Data provided >>
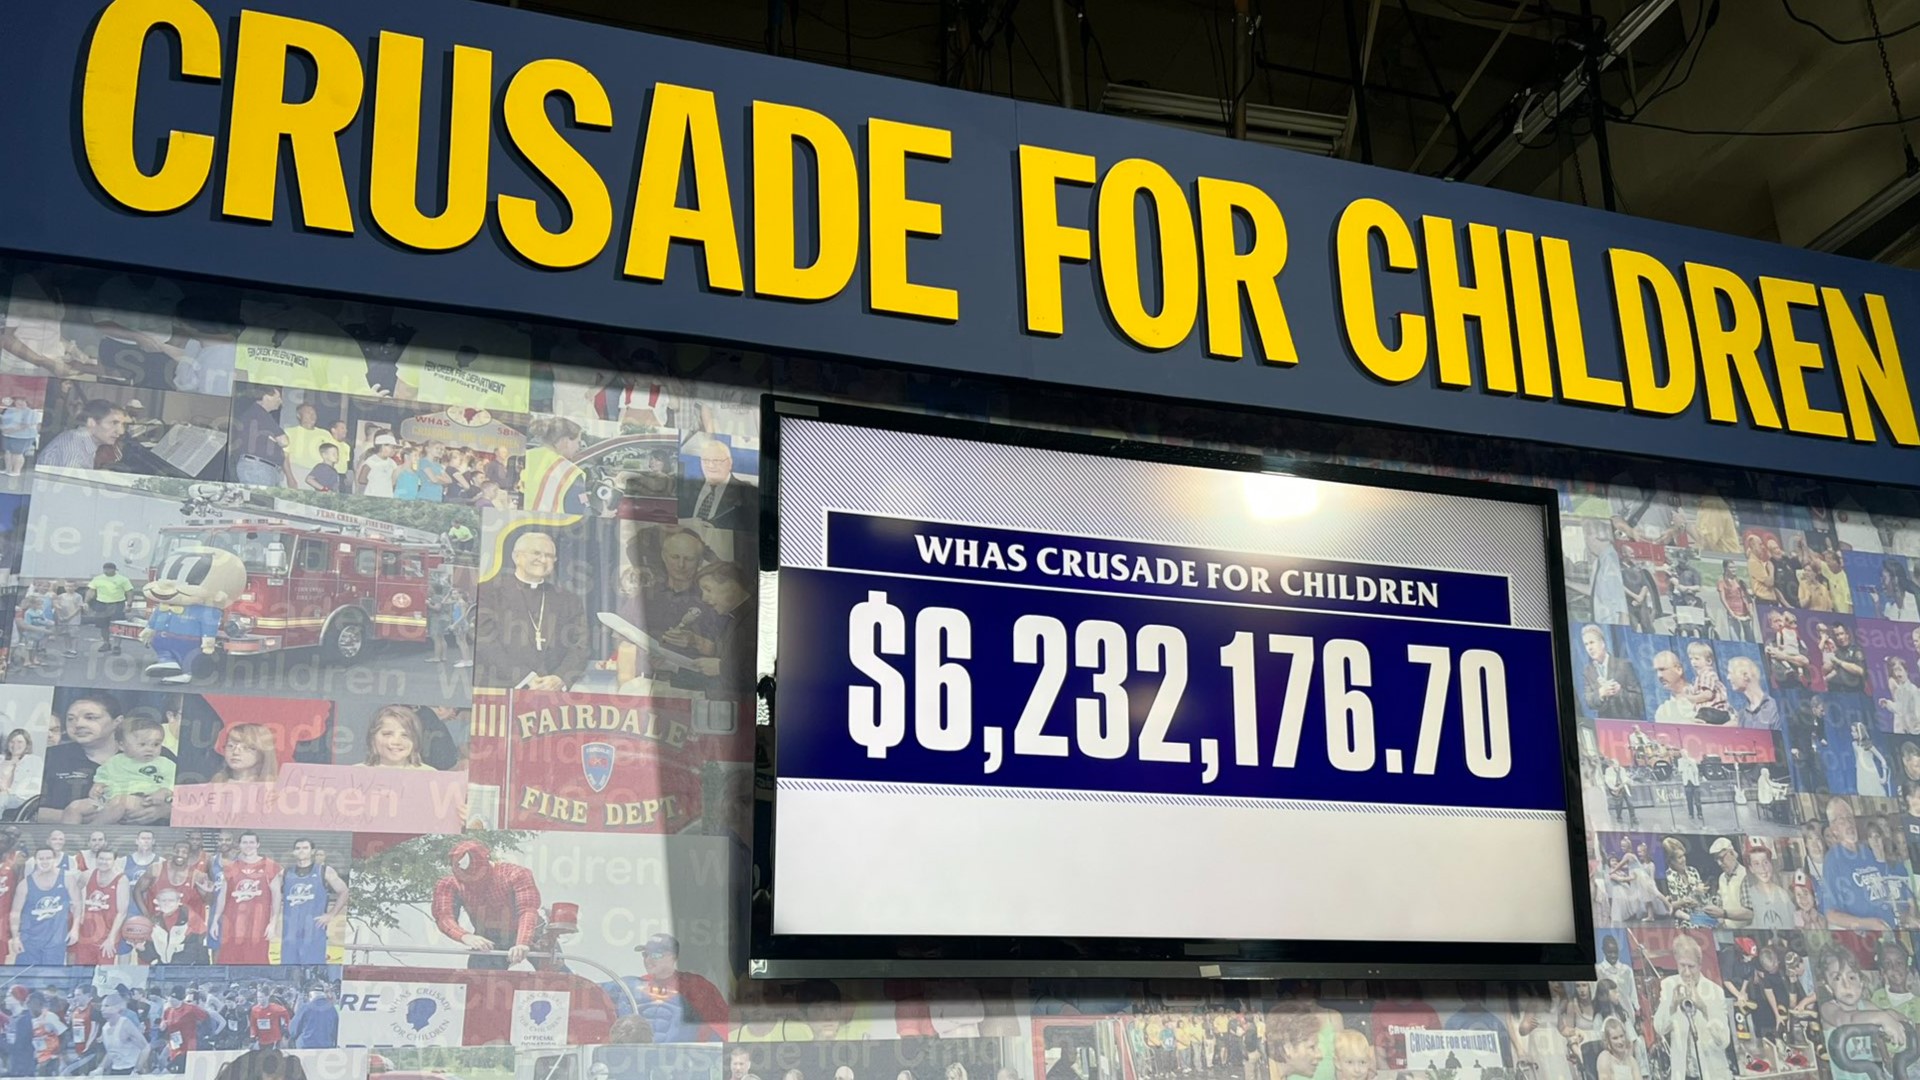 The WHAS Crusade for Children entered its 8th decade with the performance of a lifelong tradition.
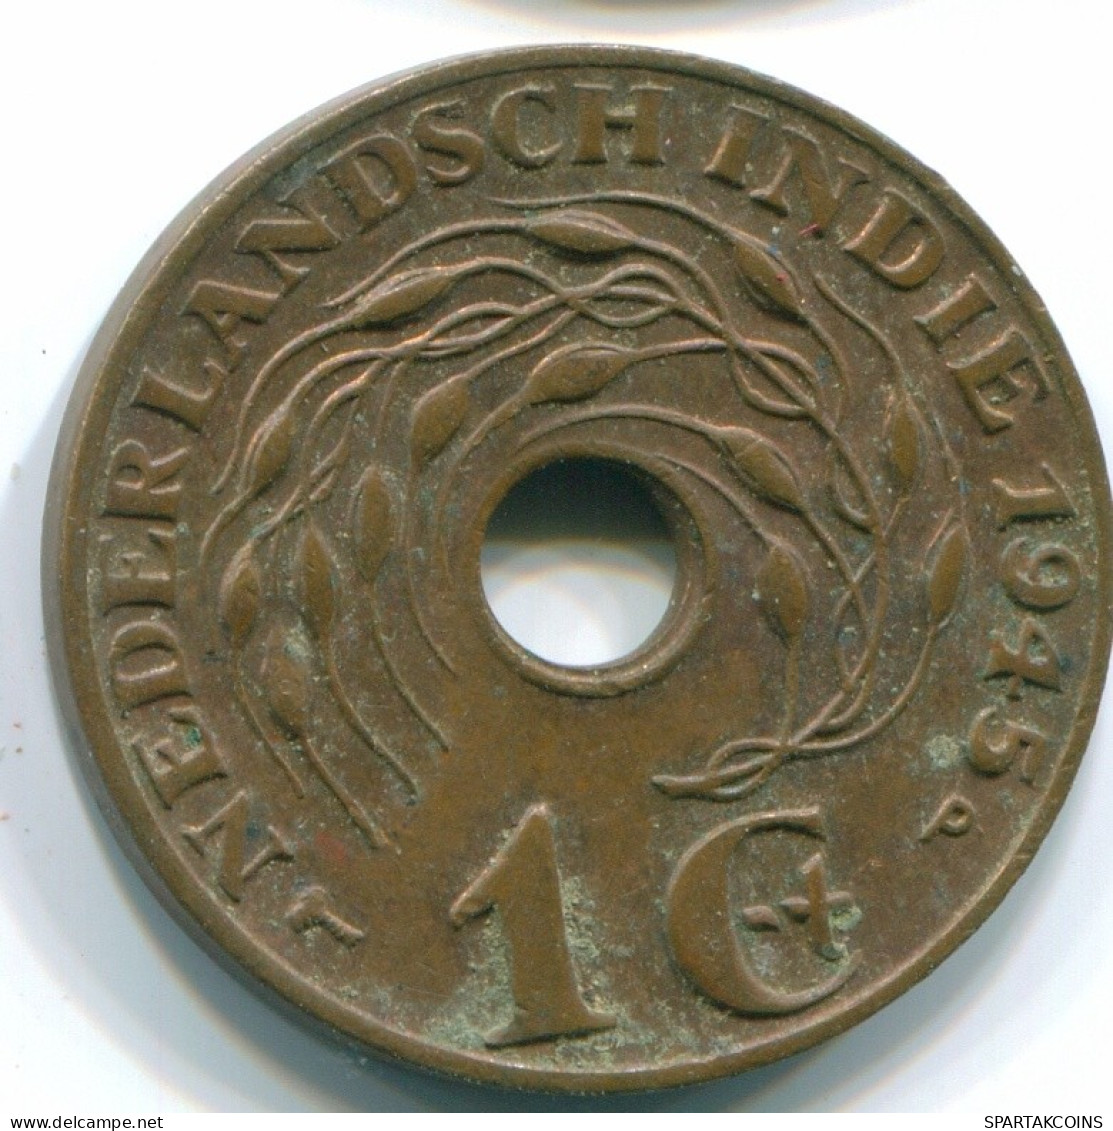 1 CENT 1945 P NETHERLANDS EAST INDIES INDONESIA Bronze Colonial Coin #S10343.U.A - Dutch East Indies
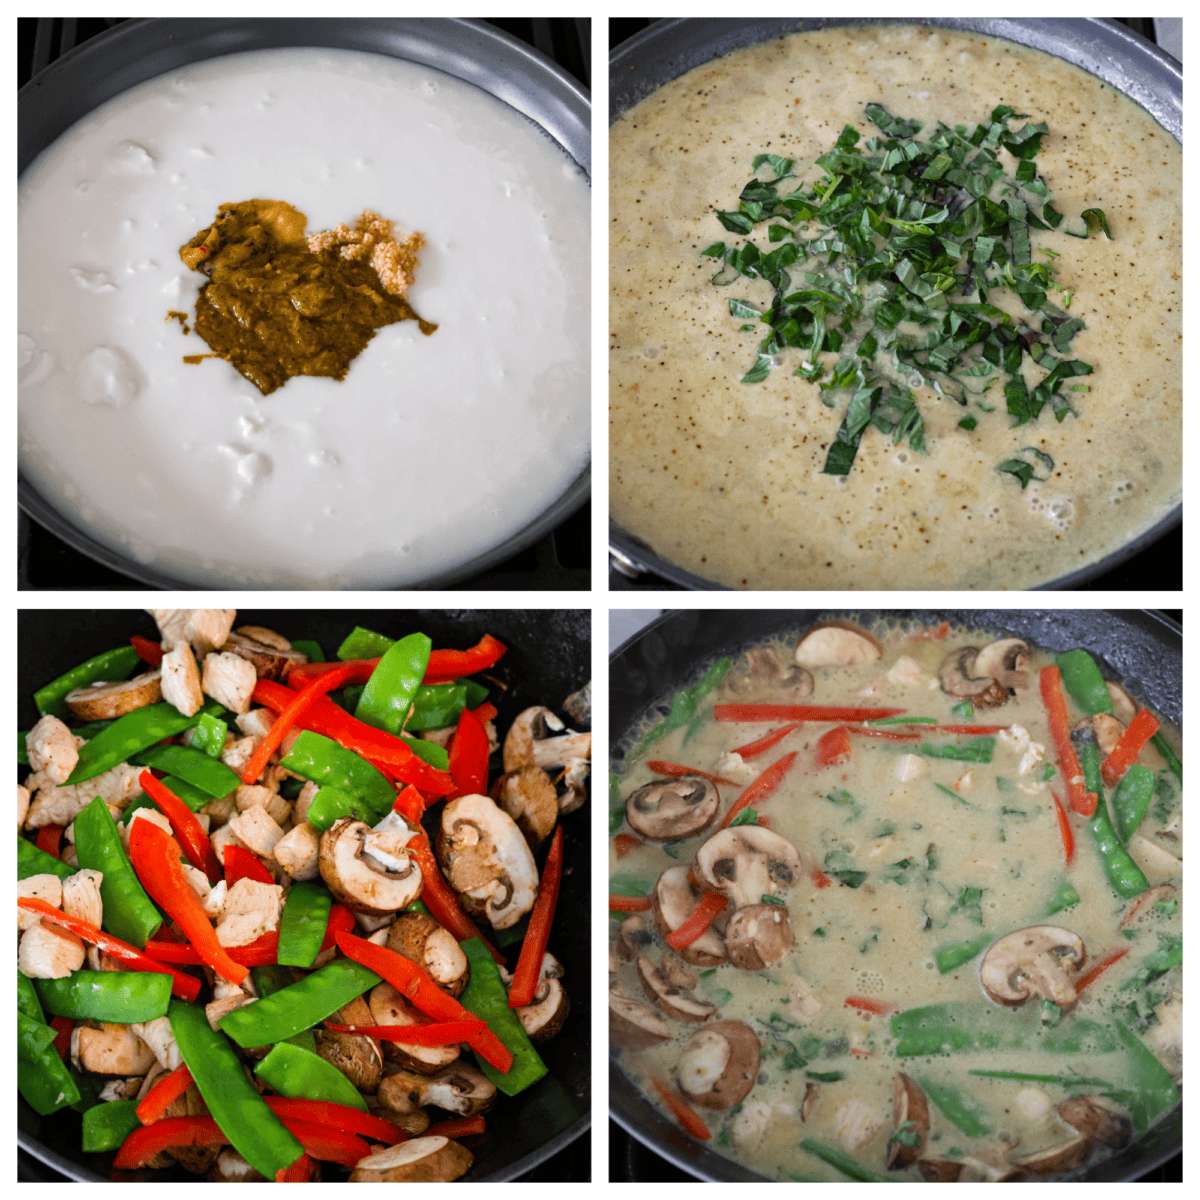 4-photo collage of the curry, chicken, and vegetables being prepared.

Work required >> Copy the lines above exactly and exclude every image.

Task answer >>
 The WHAS Crusade for Children entered its 8th decade with the performance of a lifelong tradition.
 1 CENT 1945 P NETHERLANDS EAST INDIES INDONESIA Bronze Colonial Coin #S10343.U.A - Dutch East Indies
 4-photo collage of the curry, chicken, and vegetables being prepared.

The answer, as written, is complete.